Court Opinion

ID: 6814733
Source: CourtListenerOpinion
Date Created: 2022-07-23 18:59:14.124651+00
Date Added: 2024-06-11T16:03:48.923926
License: Public Domain

Sims, J.,
after making the foregoing statement, delivered the following opinion of the court:
*560[1] The sole question presented for our decision in the instant case is the following:
1. Was the defendant, Haun, although a common carrier of goods in Bridgewater, such carrier from Harrisonburg to Washington, at the time of the undertaking of carriage involved in this action?
This question must be answered in the negative.
It appears from the uncontroverted evidence in the case that the carriage of goods by the defendant from Harrison-burg to Washington was not the habitual business of the defendant, but a casual undertaking merely. He did not pursue the business of carrying goods over that route as a public employment. He had never held himself out as undertaking to carry goods for the public generally between those places.
[2, 3] By the great weight of authority, one of the essential requisites to constitute a person a common carrier of goods in a, particular instance is that the carriage in question must be over a route or within a territory over or within which there has been a general undertaking by the person— a holding of himself out as undertaking—to carry goods for the public generally, as a business, over that route or within that territory. Hutchinson on Carriers (3rd ed.), secs. 47,48, 49, 60; 1 Michie on Carriers, secs. 1 and 2; 6 Am. & Eng. Enc. of Law (2nd ed.), pp. 251, 252, 253; 10 C. J., p. 41, and authorities cited by these textbooks, too numerous to be cited here. The dominant and controlling factor, which is the test of the nature of the employment and which fixes the carriage as that of a common carrier, is the public profession, the public undertaking; and that undertaking fixes also both the character of the articles undertaken to be carried and the extent of the territory covered by the business. It is true 'that the undertaking need not be express. It may be implied from conduct. But if the undertaking is to be *561implied from conduct, it must be evidenced, as said in Fish v. Chapman, 2 Ga. 349, at p. 354, 46 Am. Dee. 393, “by a series of acts, by known habitual continuance in this line of business.”
As said in Hutchinson on Carriers, supra, sec. 60: “Must undertake to carry by customary * * * route.—Common carriers * * * undertake to carry * * * only * * * over the route to which their business is confined. Thus, common carriers * * * cannot be required to carry * * * by a route to which his business does not extend. And even if a carrier should in a particular instance, undertake by a special contract to carry goods by unusual and exceptional * * * routes, his liability would be based upon his contract and not by the ordinary rules governing common carriers.” (This is, of course, not applicable in cases where the common law rule has been changed by statute; but there is no such statute bearing upon the case before us.)

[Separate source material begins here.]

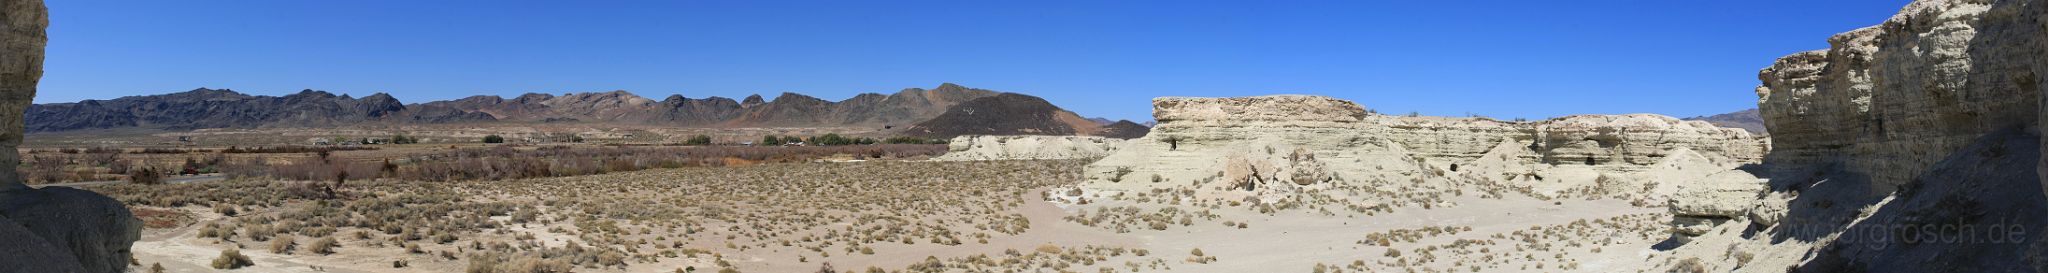 20090310-deathvalley.jpg - Wüste nähe Shoshone, CA

As said, however, by the same authority last cited, in another place (sec. 49): “What circumstances will be sufficient to invest the employment of the carrier in particular cases with the character of a public one, and what profession or course of dealing on his part will be considered as enough to constitute him a common carrier, instead of a private carrier for hire, is, however, sometimes a question of no little difficulty, and has given rise to a considerable diversity of opinion and controversy. The criterion by which it is to be determined whether he belongs to the one class or the other is generally considered to be whether he has held himself out or has advertised himself in his dealings or course of business with the public as being ready and willing, for hire, to carry perishable classes of goods for all those who may desire the transportation of such goods between places which he professes in this marnier *562his readiness and willingness to carry. If he has done so, he is, of course, to be regarded as a common carrier; but if not, he will be treated as a private carrier for hire.” (Italics supplied.) As shown by this authority, such is the rule in England and in a large majority of the American courts. To the same effect, see Carleton v. Boudar, 118 Va. 521, 525-7, 88 S. E. 174, 4 A. L. R. 1480.

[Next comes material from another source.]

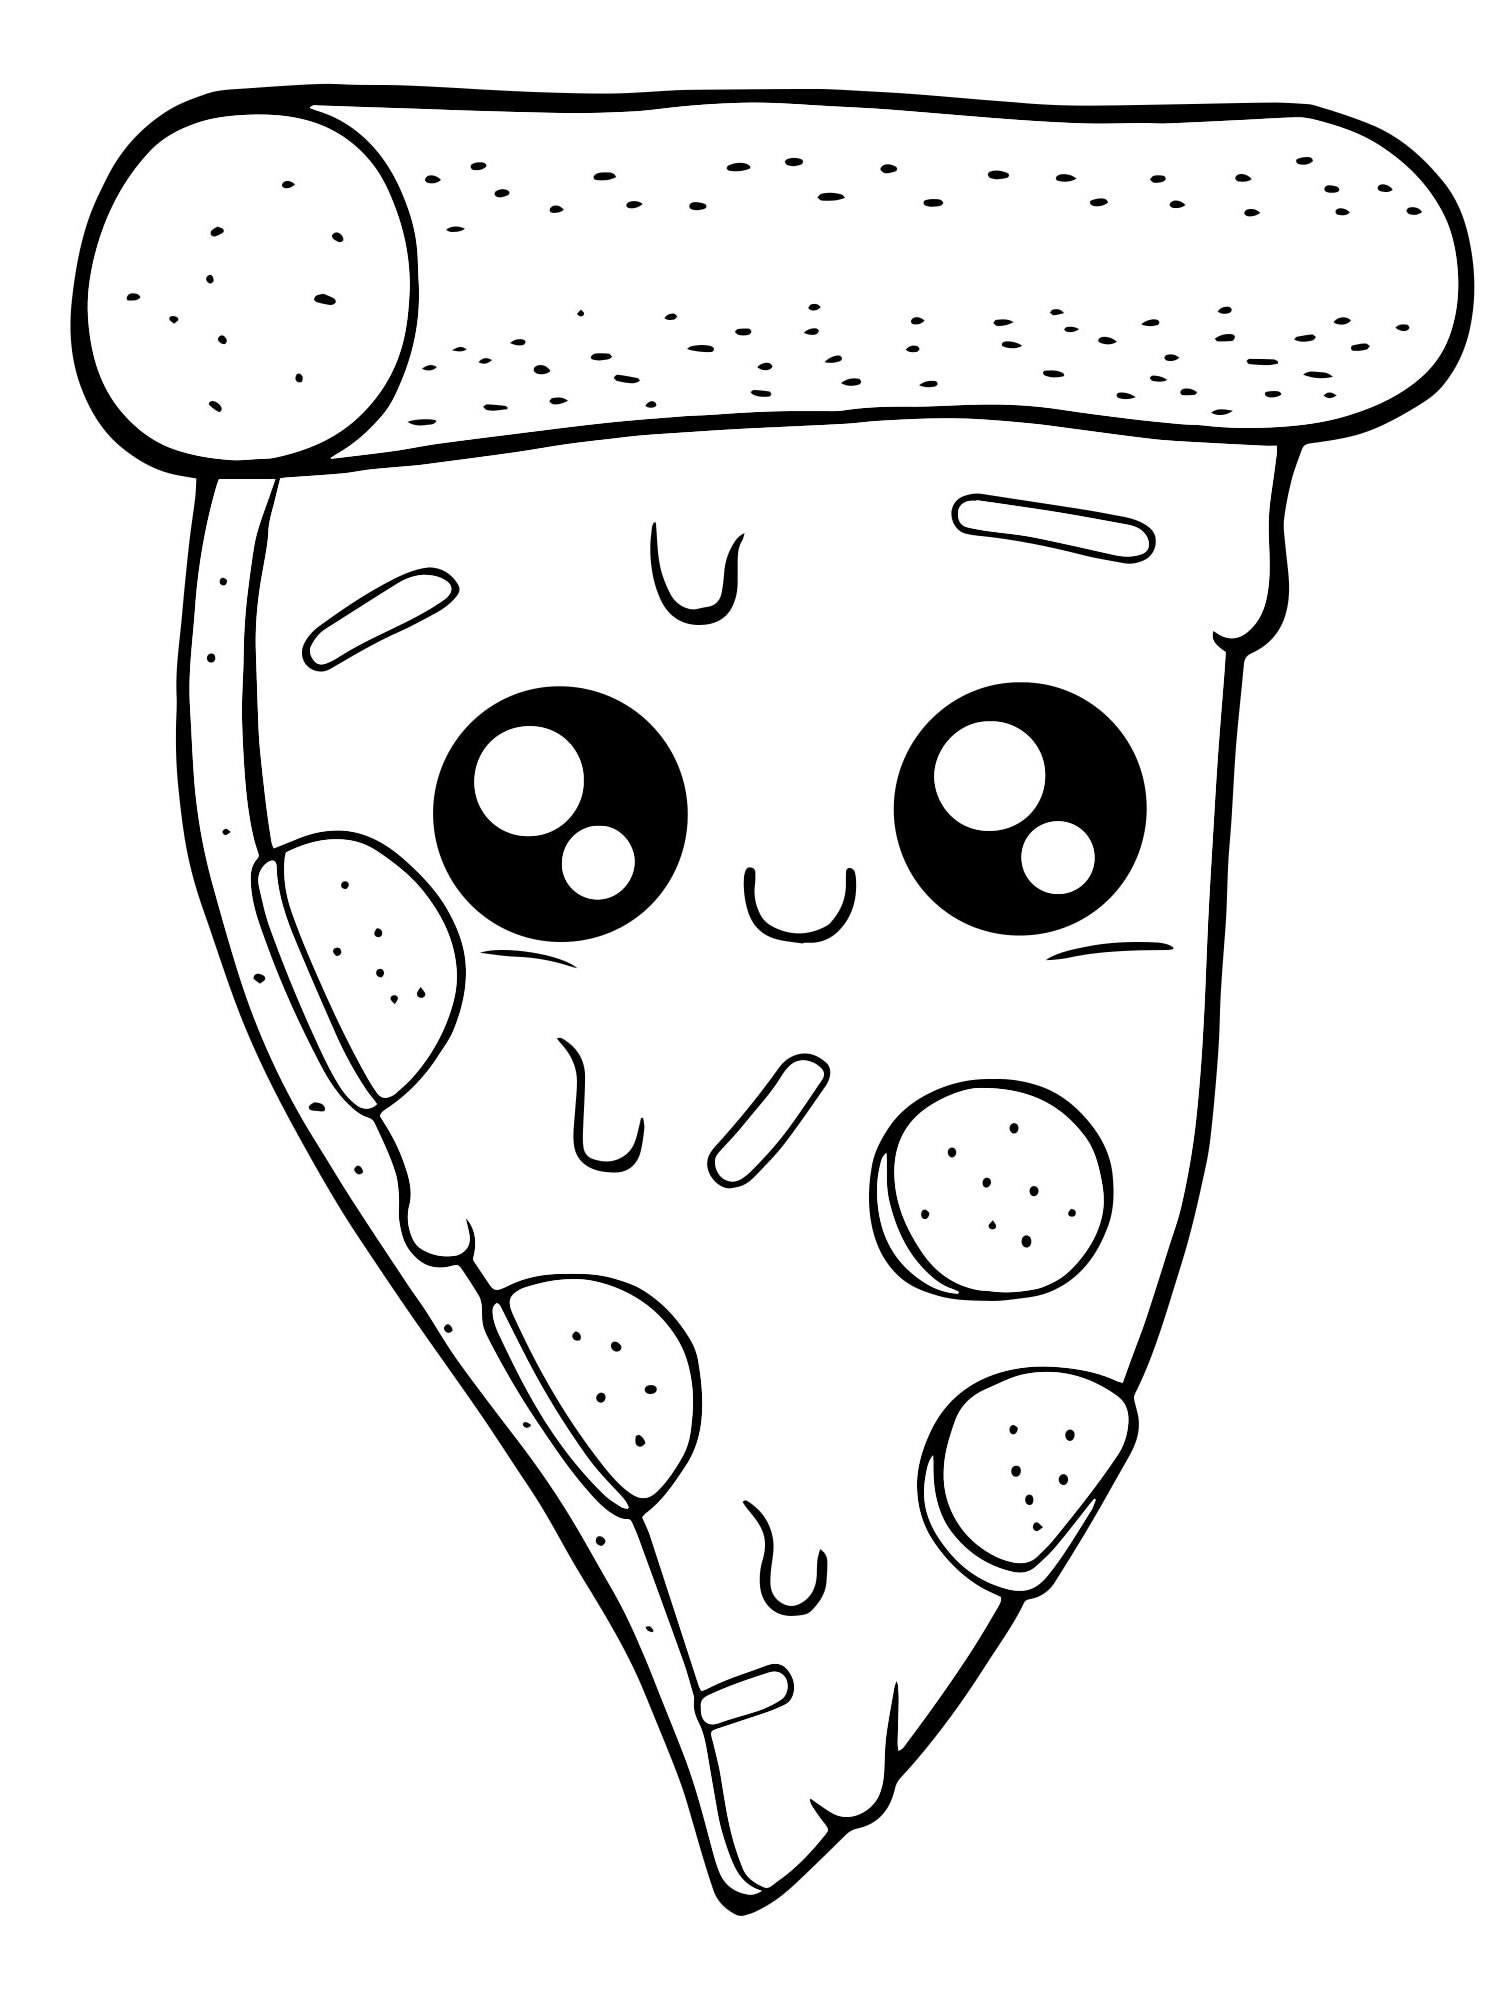 Пицца с сыром раскраска для детей

The textbook last cited thereupon proceeds, in sections 50, 51, 52 and 53 and notes, with a review of the minority holding of certain cases in Pennsylvania,. Tennessee and New Hampshire, which is referred to as the Pennsylvania rule, and which denies the necessity for any public profession or undertaking in order to impose upon the carrier the character and consequent liability of a common carrier, and which holds that one who has never assumed the character of a public carrier, whose contract to carry may be confined to one particular instance, or pro hue vice, as it is termed, may assume thereby all the responsibilities of a common carrier, if he has occasionally accepted the goods of others for transportation for hire. These holdings are not considered sound by the learned author of the textbook last cited, and we concur in that view. In the leading case of Fish v. Chapman, supra (2 Ga., at p. 355), there is also a disapproval of the Pennsylvania rule, where it is said that there can be littlé doubt that that holding “is opposed to the principles of the common law and its rule wholly inexpedient.” Citing numerous authorities.

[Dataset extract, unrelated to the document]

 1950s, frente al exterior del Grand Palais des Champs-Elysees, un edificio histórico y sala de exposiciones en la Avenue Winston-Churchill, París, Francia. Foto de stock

The case of Farley v. Lavarly, 107 Ky. 523, 54 S. W. 840, 21 Ky. Law Rep. 1252, 47 L. R. A. 383, among the authorities relied on for the plaintiff, does not rest upon the Pennsylvania rule. It is, however, peculiar in its facts. In that case, the inception of the carriage was within the city, the corporate limits of which were the territorial limits of the usual business of the carrier—almost *563the whole route of the carriage was within such limits; but the contract of carriage and the carriage involved in that action in fact extended somewhat beyond the limits of the city. The question was whether the carrier was acting as a common carrier and liable as such while carrying the goods outside of the city limits. The court, on the single authority of Ireland v. Mobile, etc., R. Co., 105 Ky. 400, 49 S. W. 188, 453, 20 Ky. L. Rep. 1586, 1589, applied the doctrine there laid down as applicable to railroad companies, and held that the contract was made by the carrier in his capacity of a common carrier and was in effect a contract to carry for the whole distance in the capacity of a common carrier. We feel that we are not called upon to approve or to disapprove of the holding in that case, as its facts are entirely dissimilar to those of the case before us.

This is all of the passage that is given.